FIG. 3 is a diagram showing a connection state of heater wires of electric heaters 23a, 23b, and 23c in FIG. 2;

FIG. 4 is a cross-sectional view showing a state in which the heater wire 28 of FIG.

FIG. 5 is a simplified sectional view showing a schematic configuration of a continuous bright annealing facility 30 using the continuous annealing furnace 20 of FIG.

FIG. 6 shows an electric heater 23a, 2 in the continuous annealing furnace 20 of FIG.
It is sectional drawing which shows the structure of the part which feeds to 3b and 23c.

FIG. 7 is a simplified perspective view showing a schematic configuration of a continuous annealing furnace 60 according to another embodiment of the present invention.

FIG. 8 is a cross-sectional view showing a schematic configuration of a conventional continuous annealing furnace.

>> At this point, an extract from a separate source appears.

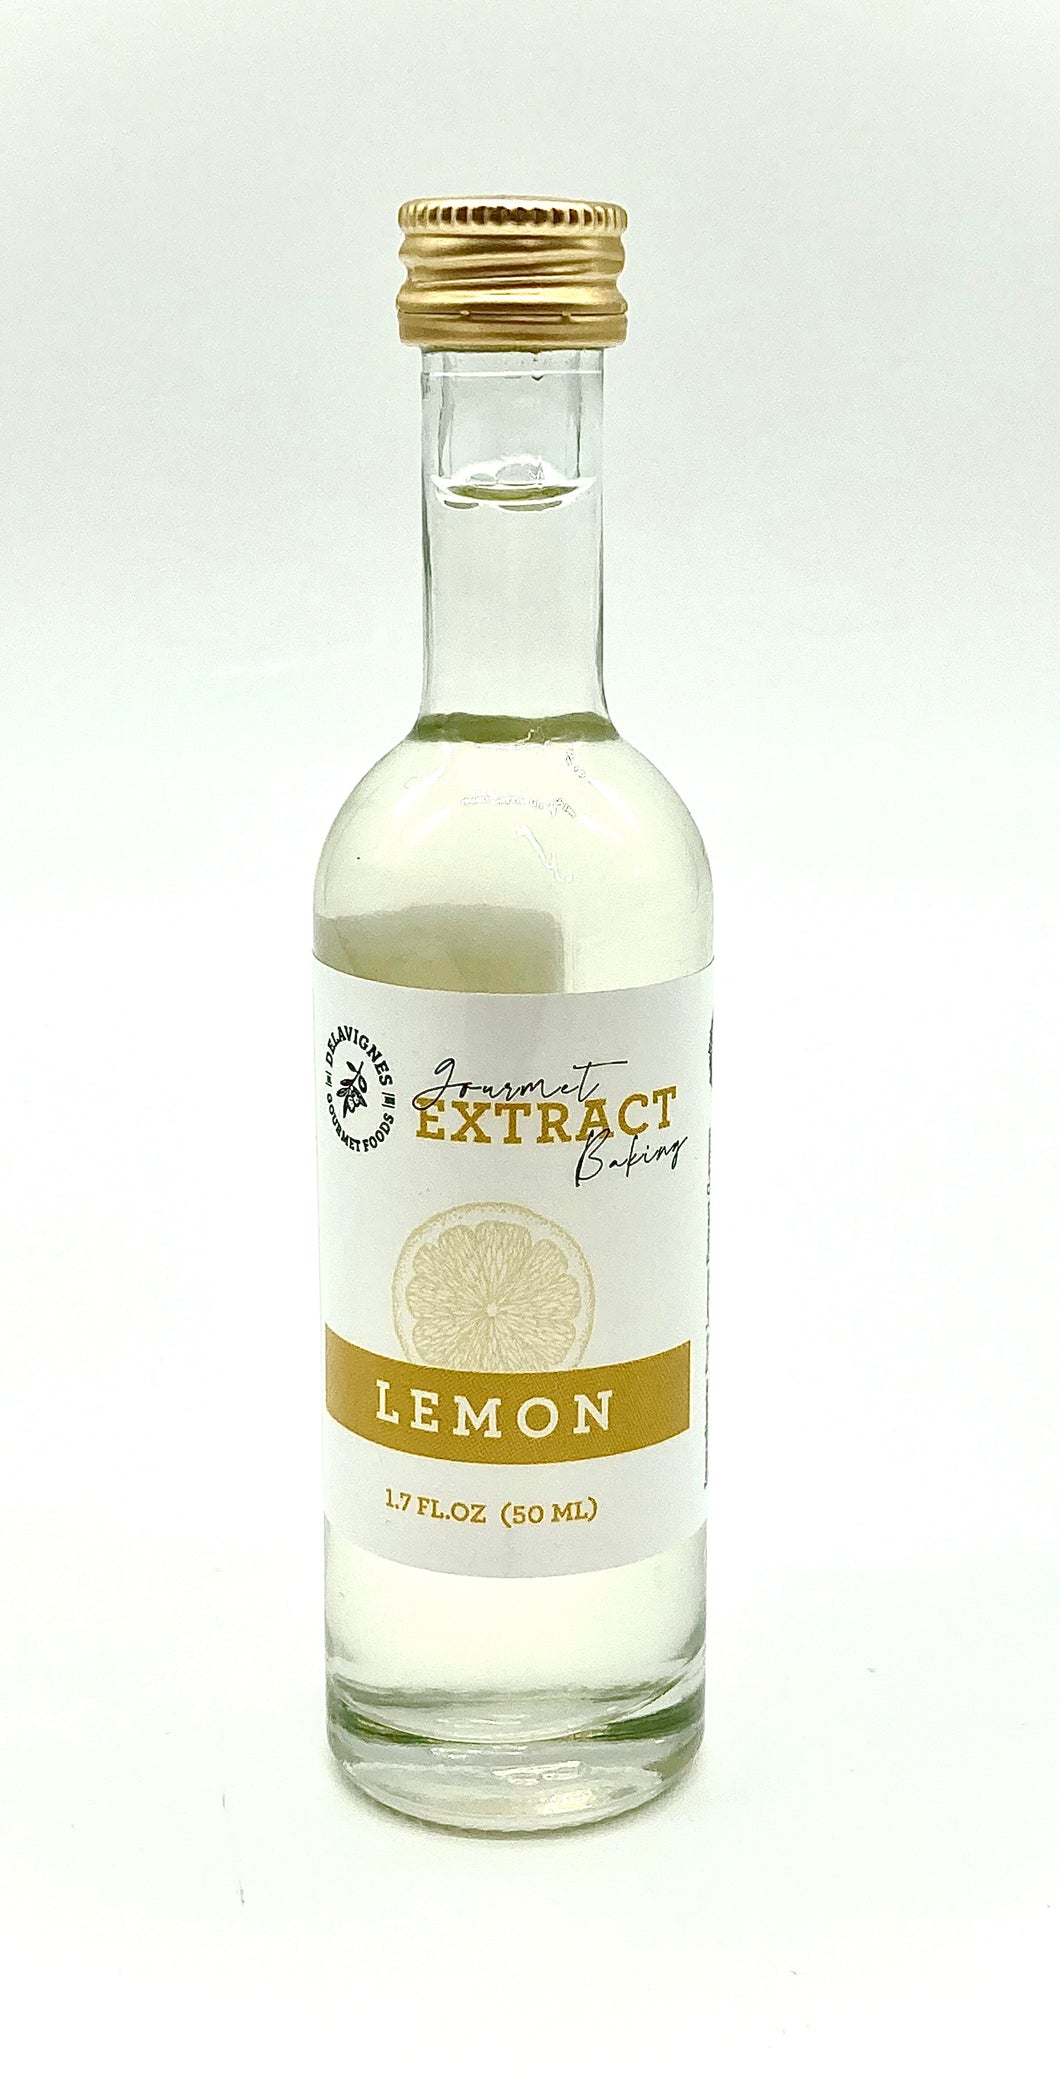 Delavignes 1.75oz Premium Lemon Extract
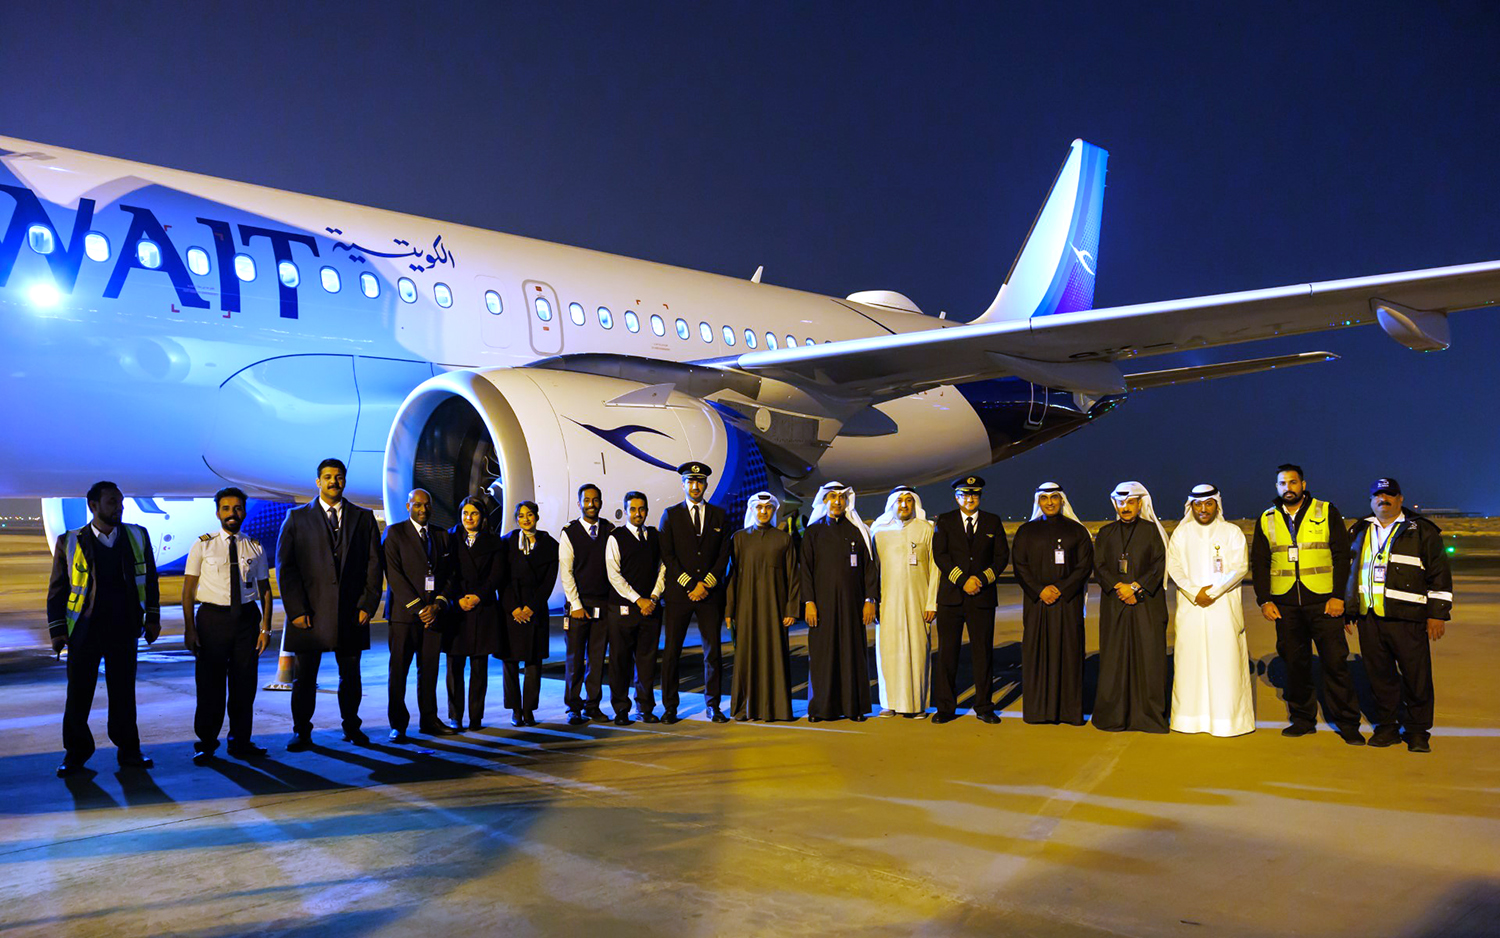 رئيس مجلس إدارة شركة الخطوط الجوية الكويتية يتوسط فريق الشركة مع الطائرة الجديدة (برقان)

FIG. 9 is a cross-sectional view showing a configuration of a portion for supplying power to an electric heater in a conventional continuous annealing furnace.

[Explanation of symbols]

 20, 60 Continuous annealing furnace 21 Strip 22 Heating zone 23a, 23b, 23c Electric heater 24a, 24b, 24c, 64a, 64b Control device 25 Refractory brick lining 26 Refractory brick outer layer 27 Outer wall flange portion 28 Heater wire 29 Supporting tool Reference Signs List 30 continuous bright annealing equipment 40 terminal rod 41 rod flange part 42 through hole 43 inner gasket 44 outer gasket 45 holding plate 47 packing 48 terminal

 ────────────────────────────────────────────────── ─── Continued on the front page (72) Inventor Naoto Takeuchi 3-6-1, Kitahama, Chuo-ku, Osaka-shi, Osaka Nisshin Steel Co., Ltd. Osaka branch office F-term (reference) 4K038 AA01 BA01 CA01 DA01 EA02 FA01 4K043 BB04 CA03 DA05 EA04 FA07 FA12 GA01 GA10

Claims (3)

[Claims] 1. A continuous heating furnace provided with a heating zone for heating a metal strip continuously passed to a target material temperature, wherein the heating zone faces the surface of the metal strip, A continuous heating furnace, comprising: a heating zone heater arranged in three or more divisions in a width direction perpendicular to the heating zone; and a control device for individually controlling a heating output of a divided portion of the heating zone heater. 2. The control device, wherein the heating zone heater comprises:
2. The continuous system according to claim 1, further comprising a control system for setting a temperature of a divided portion corresponding to a central portion of the metal band in the width direction to be higher than a temperature of the divided portions facing both side edges of the metal band in the width direction. heating furnace. 3. The heating zone has a furnace wall formed of refractory bricks, and a portion for supplying power to the heating zone heater from the outside is inserted into a through hole formed in the furnace wall, and has an inner tip. A terminal rod connected to the heating zone heater and having a flange having a diameter larger than the inner diameter of the through-hole near the outer end; and a flange protruding from the inside of the terminal rod flange and the surface of the furnace wall. The outer end of the terminal rod is provided so as to cover between the inner gasket made of heat-resistant material and having an outer diameter larger than the outer diameter of the flange portion and the outer surface of the inner gasket from outside the flange portion of the terminal rod. An outer gasket inserted into the outer wall, a presser plate for fixing the outer peripheral portion of the outer gasket to the furnace wall, and a space between the inner periphery of the outer gasket and the outer periphery of the terminal rod. The gasket, which covers the gap from the outer end of the terminal rod and is made of a heat-resistant material, and a pressing member that presses the packing against the outer gasket surface at the outer end of the terminal rod. 3. The continuous heating furnace according to 1 or 2.